# EXERCISE OBJECTIVE:
First find the line with "DIL Solutions", then reproduce it and all following lines of the data to the end, exactly and with no pictures, adding nothing.

# RAW DATA:

- - - - - - -

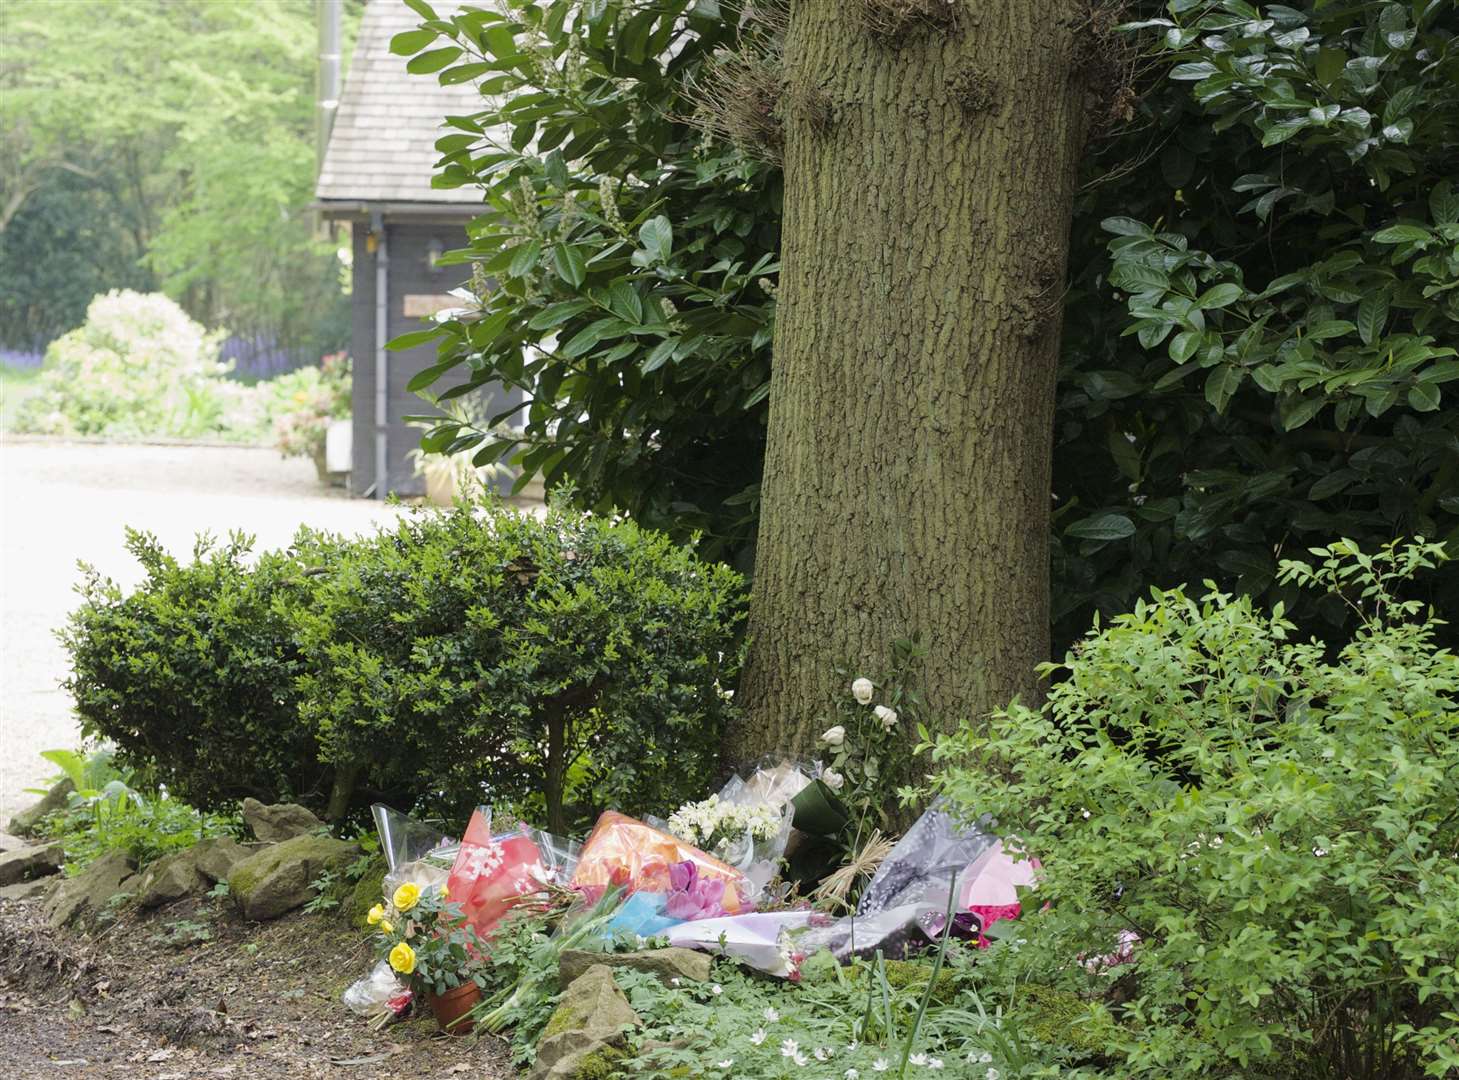 Floral tributes at the home of Peaches Geldof in Wrotham following her death. Picture: Andy Payton
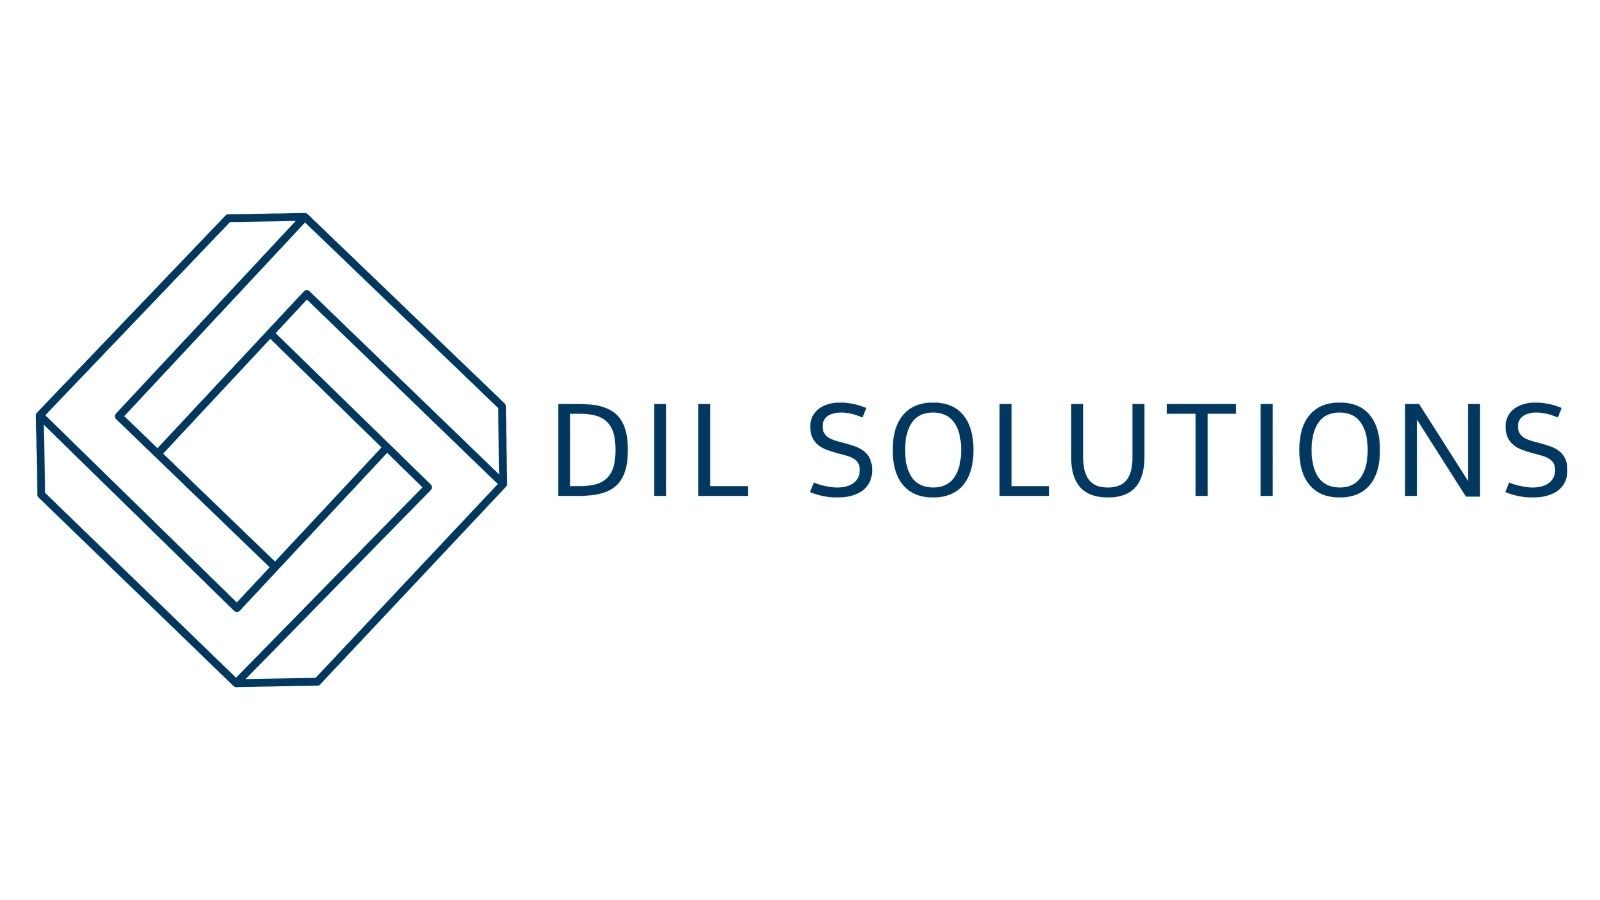 DIL Solutions
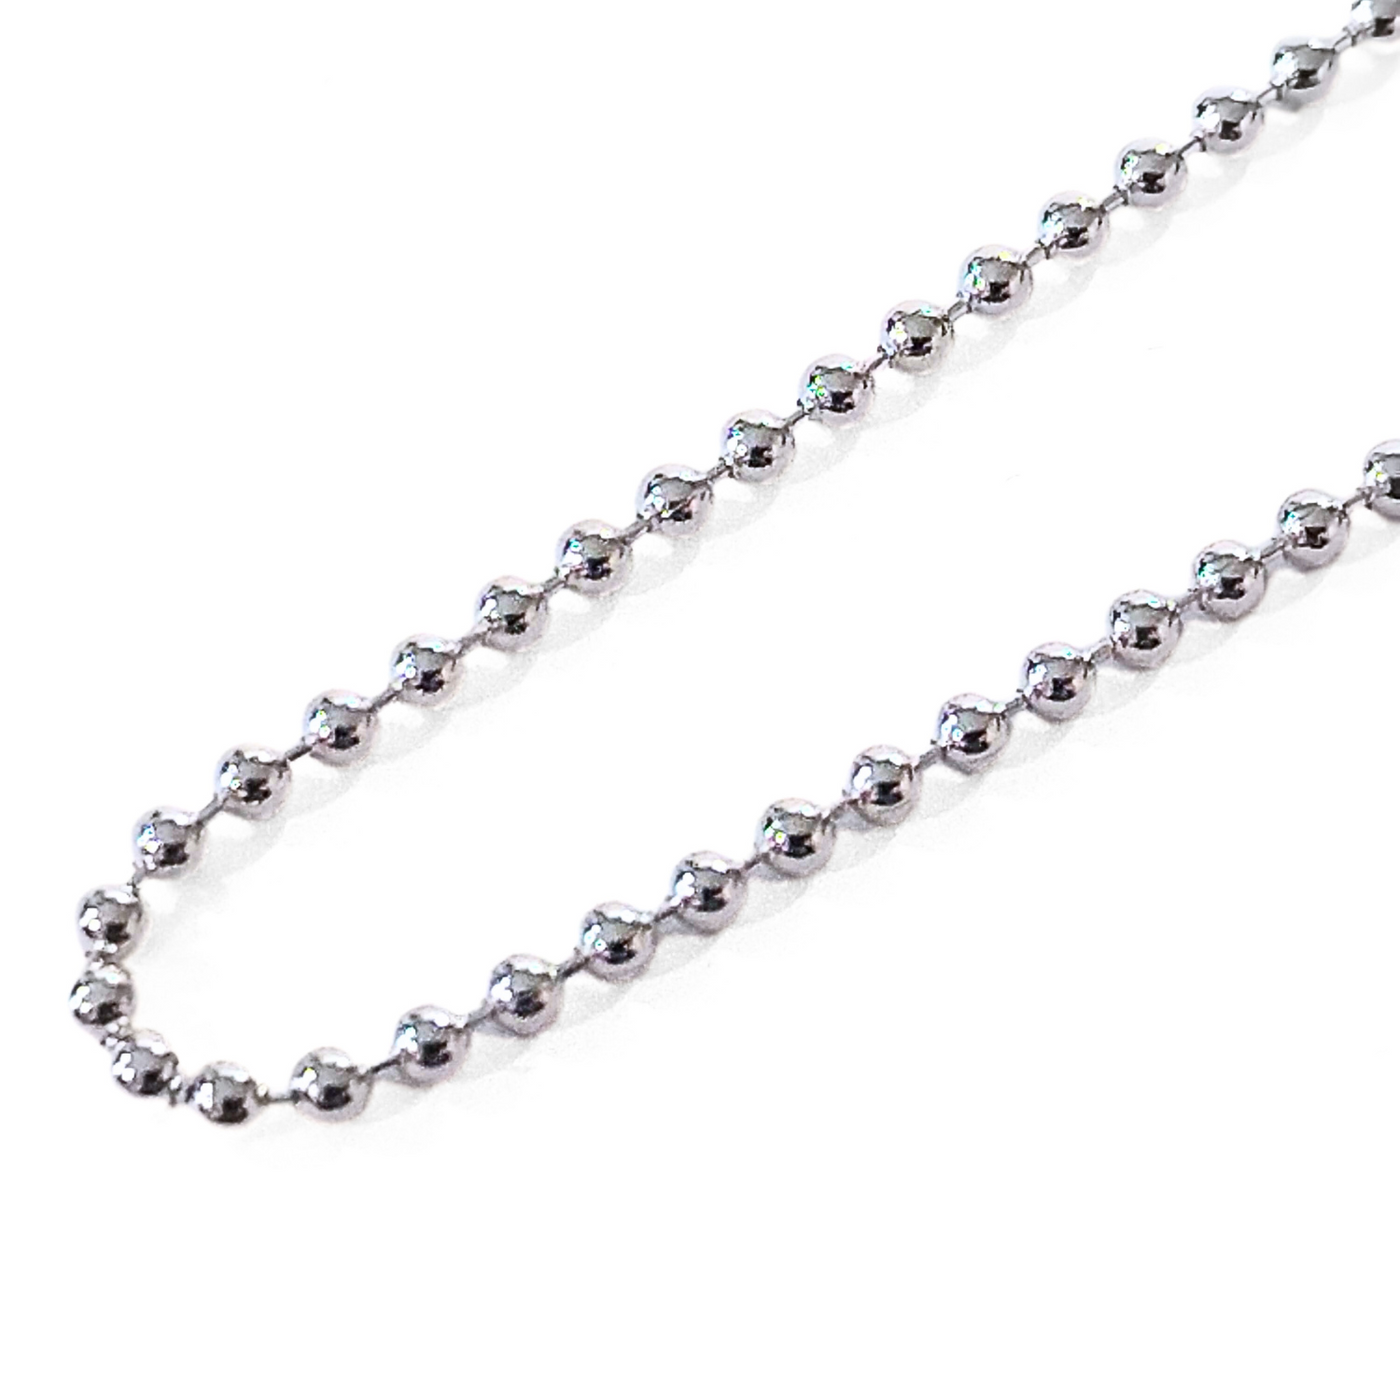 24" 2mm Bead Chain (Sterling Silver)

- - - - - - -

# SOLUTION TO THIS TASK:
 DIL Solutions
 24" 2mm Bead Chain (Sterling Silver)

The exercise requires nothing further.